In the December 2011 quarter, Apple made  $13 billion in profits, an extraordinary figure, 3 billion more than the revenue of Google in the quarter. Apple is an innovation machine, making it so is the legacy of Steve Jobs.

However, there is usually a flip side to the stories of huge success, Jobs was not the nicest person around, brilliant, magnetic, but a real genuine article prick, according to his biographer, and the woes of Apple contract manufacturers in China are well known.

But, who has heard of the mineral Tantalum? Apple uses it, as does every other producer of our electronic gadgets.

Talison, a company headquartered in Perth used to mine tantalum in Australia, a mineral extracted from an ore called Coltan, short for Columbite-tantalite, but no longer due to competitive price pressure coming from African supplies.
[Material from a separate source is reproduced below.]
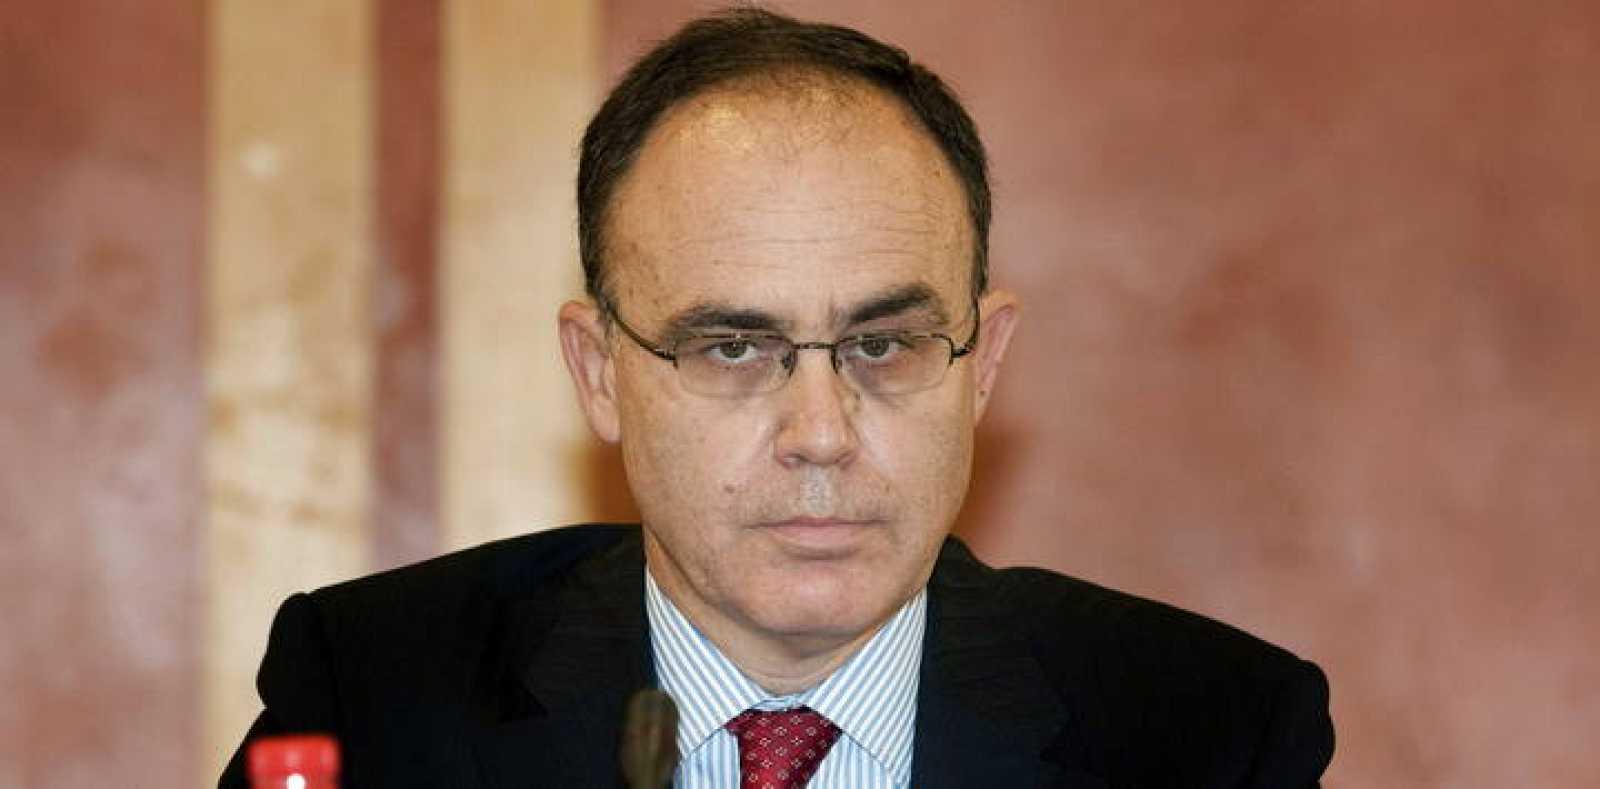 Antonio Valverde, imputado en los ERE, dimite como director general de la agencia IDEA

Pity we lost another market.

Coltan is now one of the minerals being mined in West Africa, using primitive tools, and kids paid slave wages, sold so we can have the latest gadget, and the nasties in charge can buy more guns and anti-personnel mines, and fill their Swiss bank accounts.

This blog is usually about marketing, management, and the stuff that hopefully scratches my readers brains to facilitate improvement. However, from time to time, we need to think about the ethical base of what we do. 

This almost unknown story of Coltan ore, and its derivatives should be on our agenda.